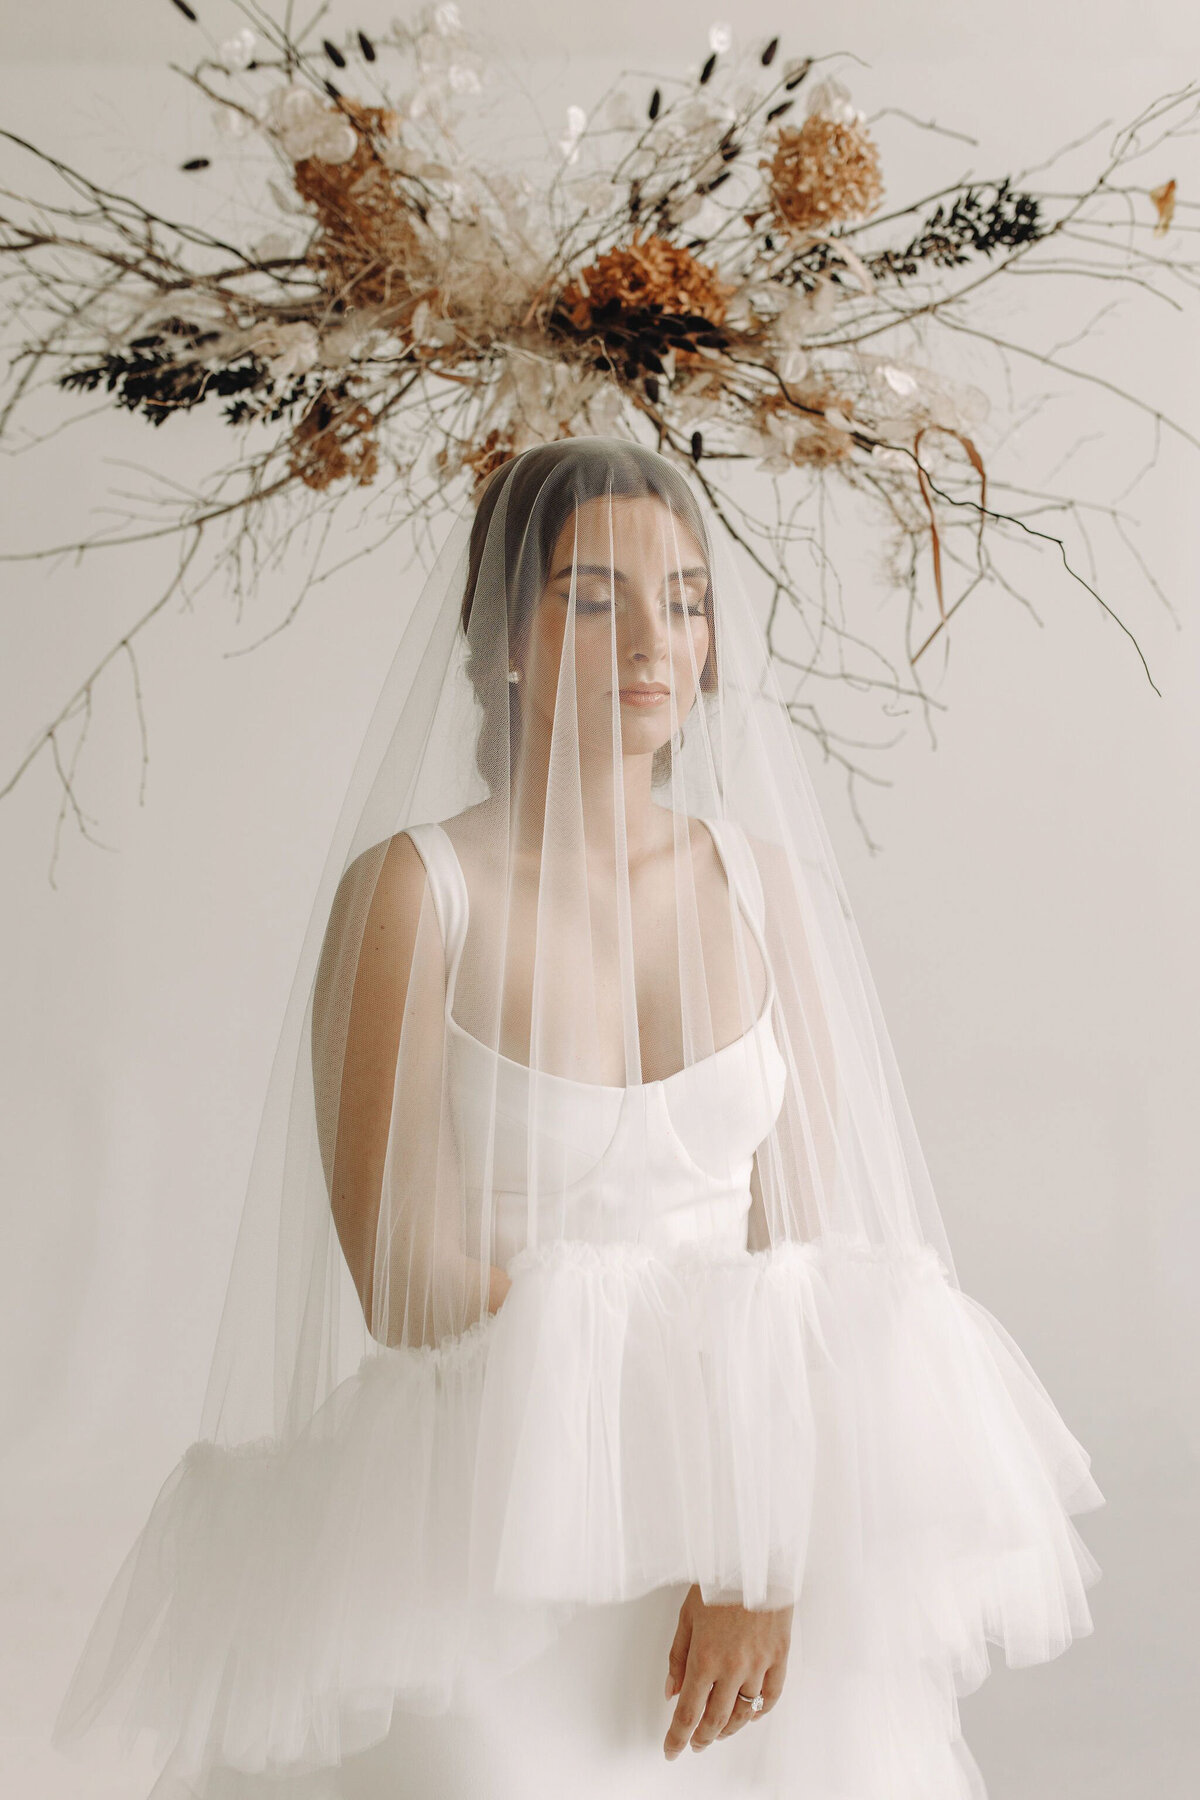 Trendy ruffled bridal veil by Blair Nadeau Bridal Adornments, romantic and modern wedding jewelry based in Brampton.  Featured on the Brontë Bride Vendor Guide.
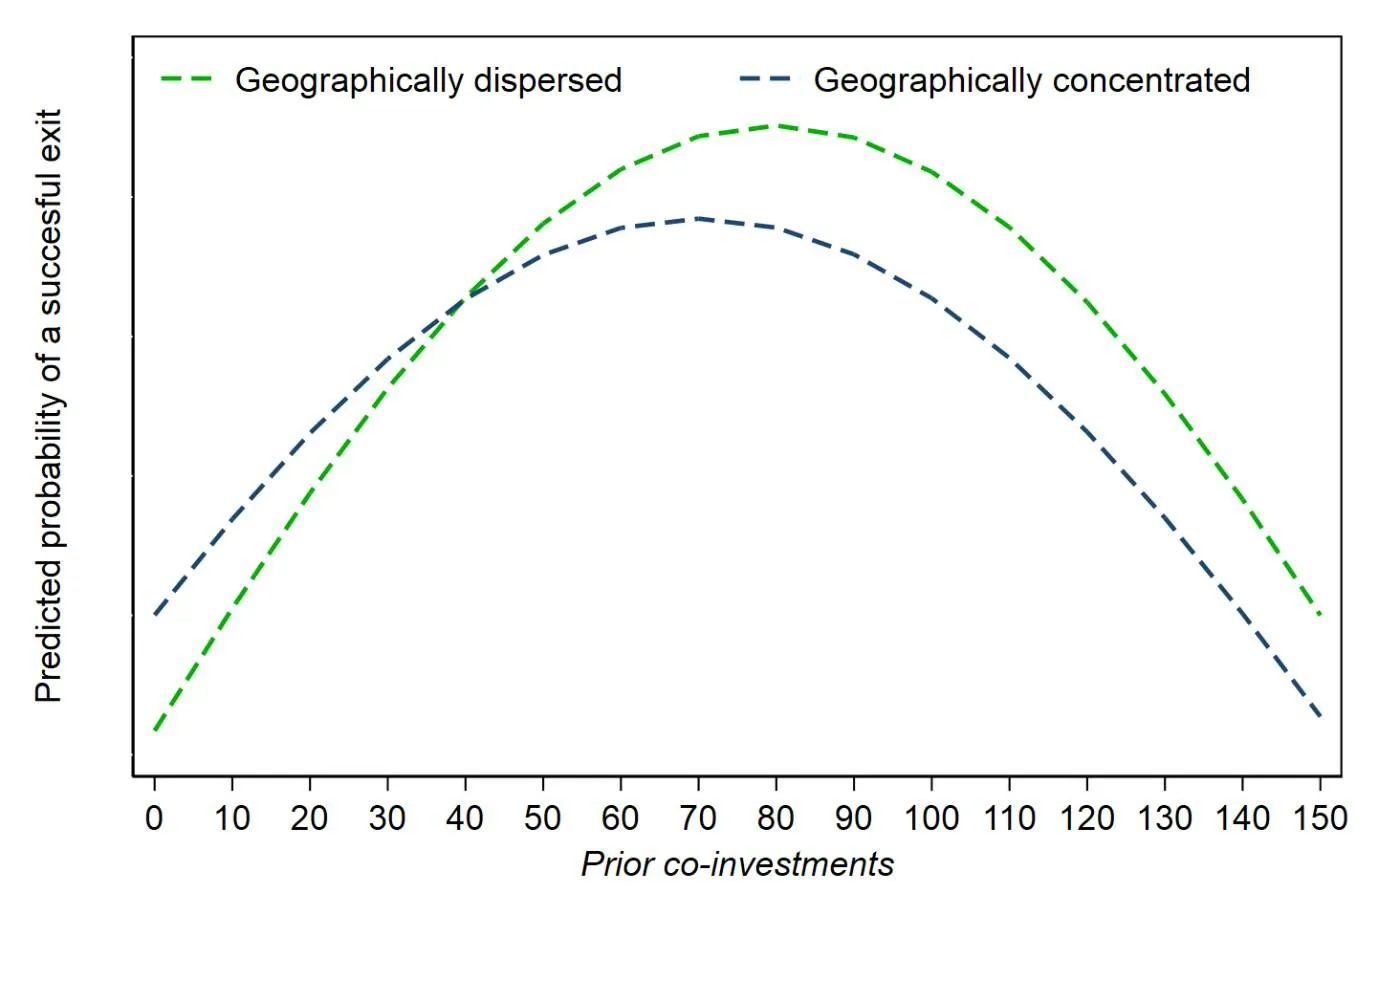 Repeated co-investment brings more benefits for geographically dispersed syndicates, than for geographically concentrated ones.
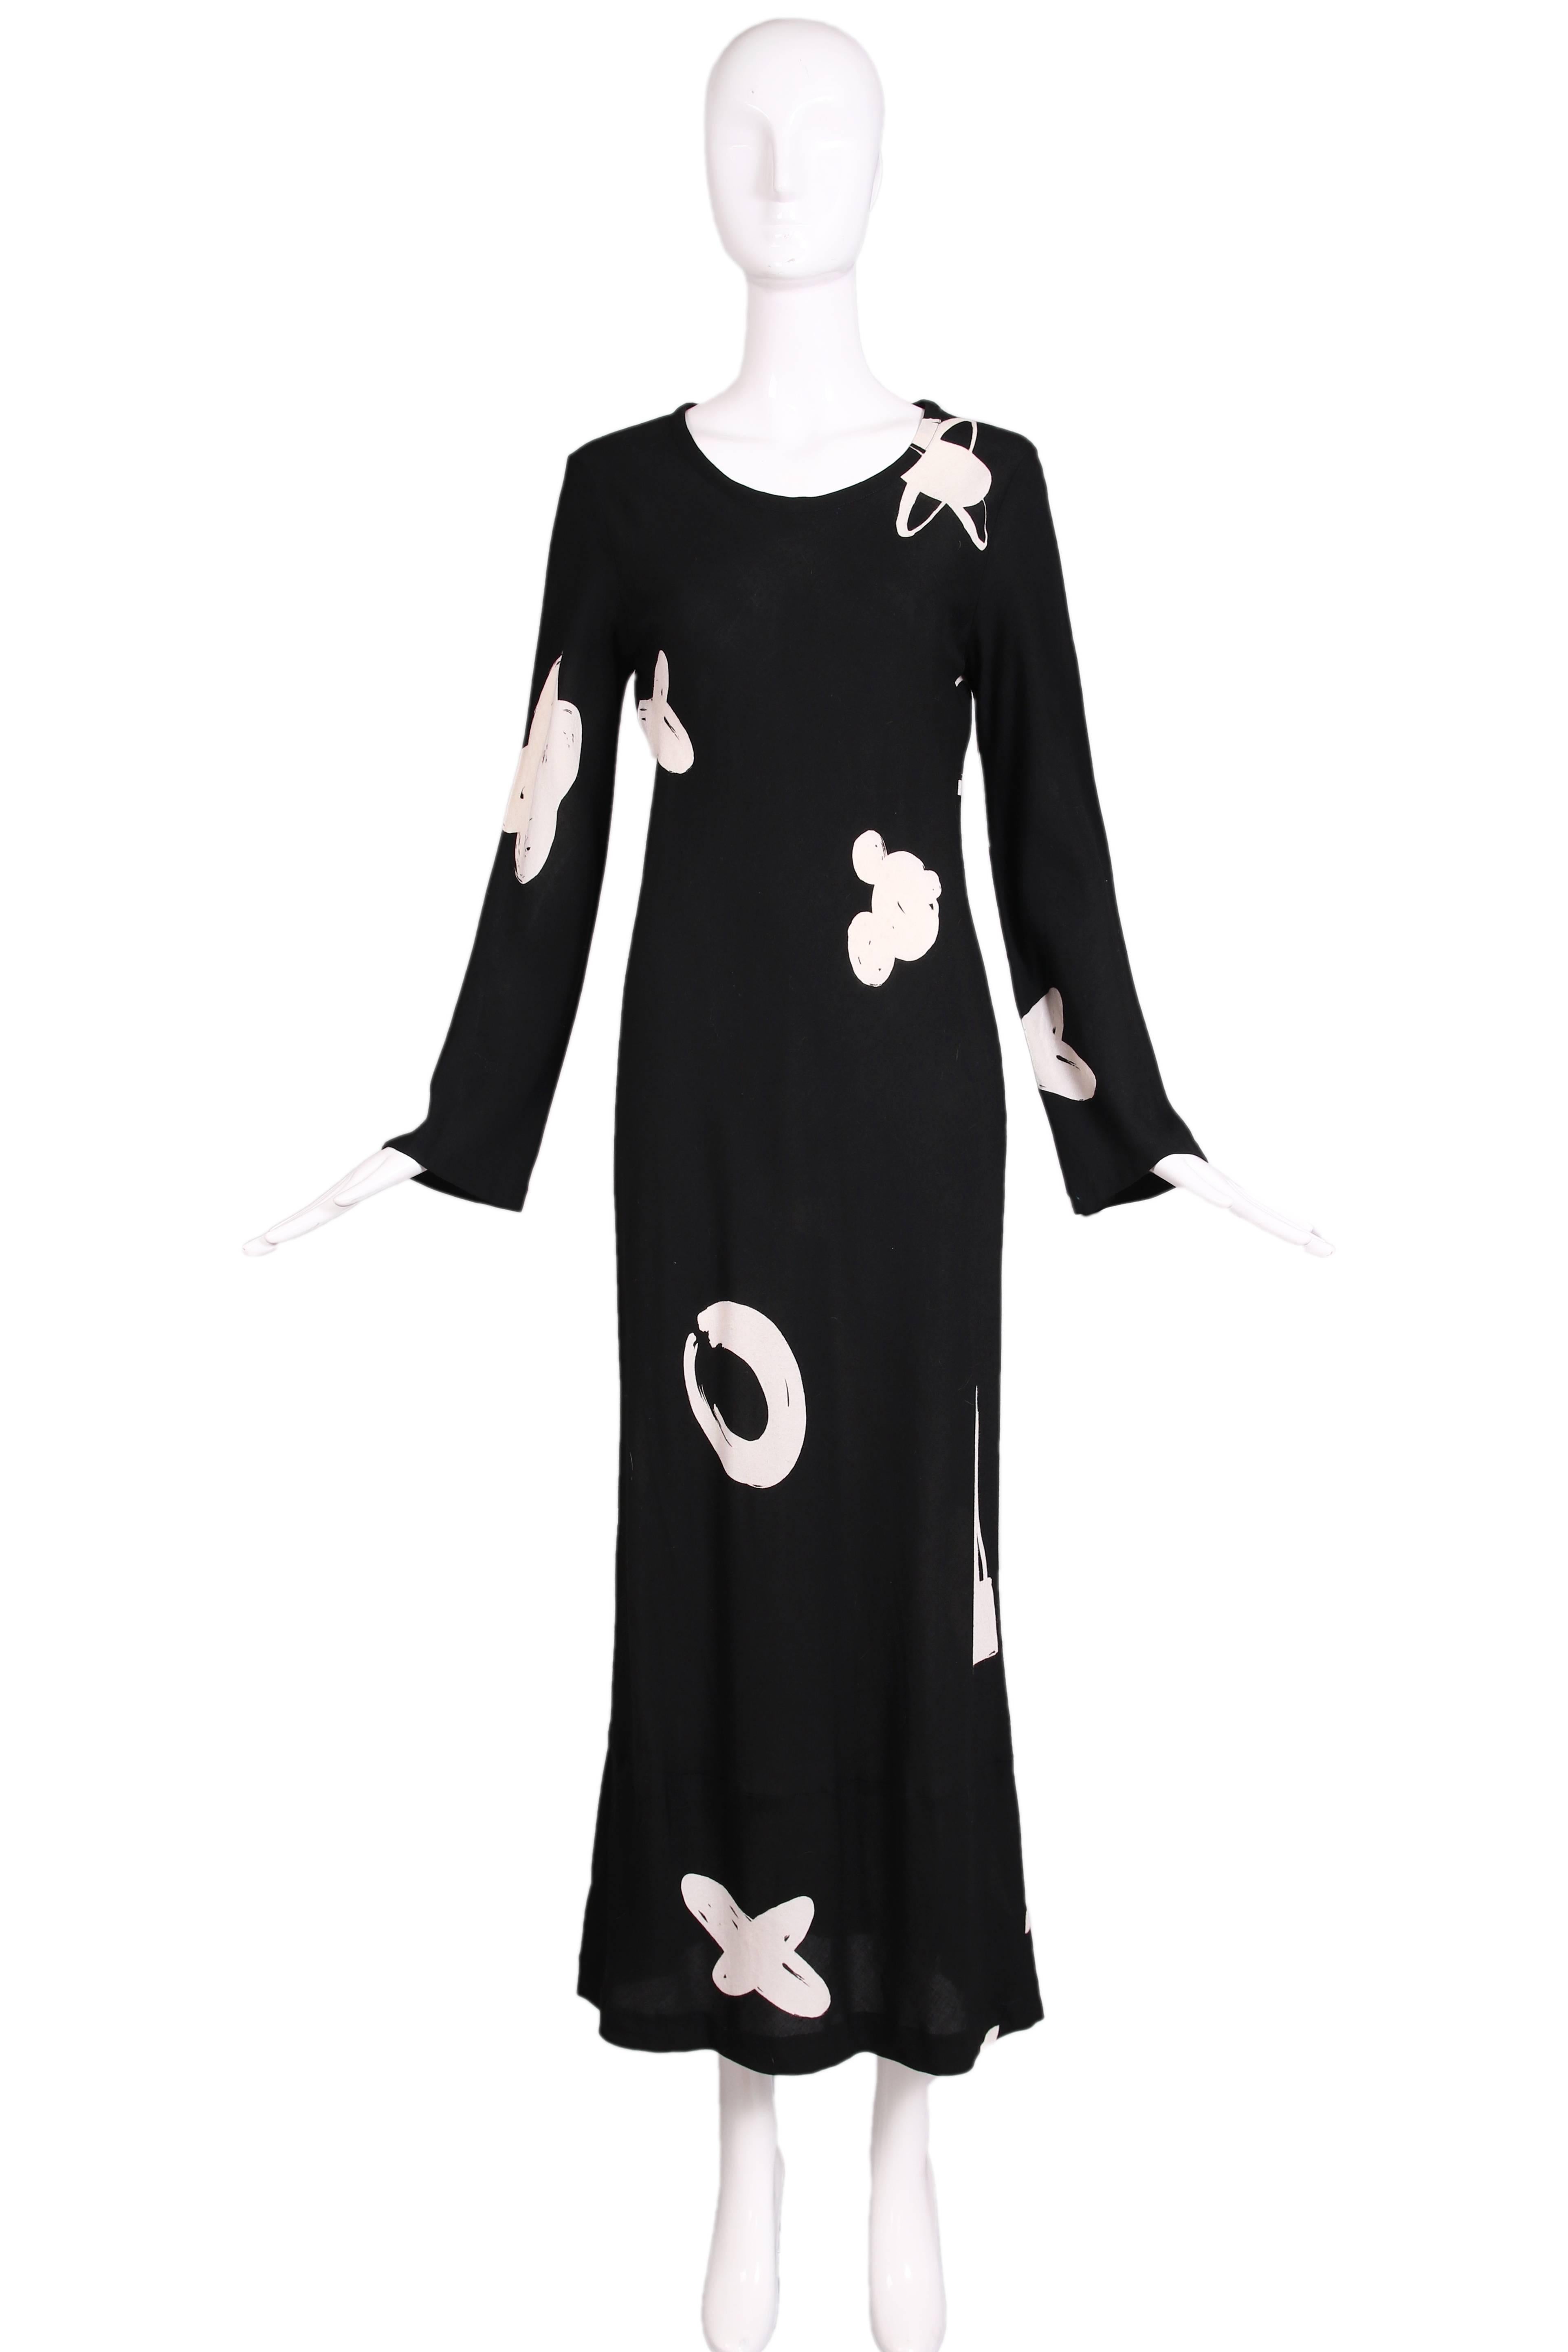 Rare 1980's Comme de Garcons with Robe de Chambre label. This dress is a black cotton maxi with long sleeves, a scooped neckline and featuring a white abstract interpretations of planets, mickey mouse, airplanes, etc.  In excellent condition. No
• • • • •
:: What is needed ::
All of the lines above should be retyped precisely, apart from the pictures.

:: Exercise response ::
 Trendy ruffled bridal veil by Blair Nadeau Bridal Adornments, romantic and modern wedding jewelry based in Brampton.  Featured on the Brontë Bride Vendor Guide.
 Repeated co-investment brings more benefits for geographically dispersed syndicates, than for geographically concentrated ones.
 Rare 1980's Comme de Garcons with Robe de Chambre label. This dress is a black cotton maxi with long sleeves, a scooped neckline and featuring a white abstract interpretations of planets, mickey mouse, airplanes, etc.  In excellent condition. No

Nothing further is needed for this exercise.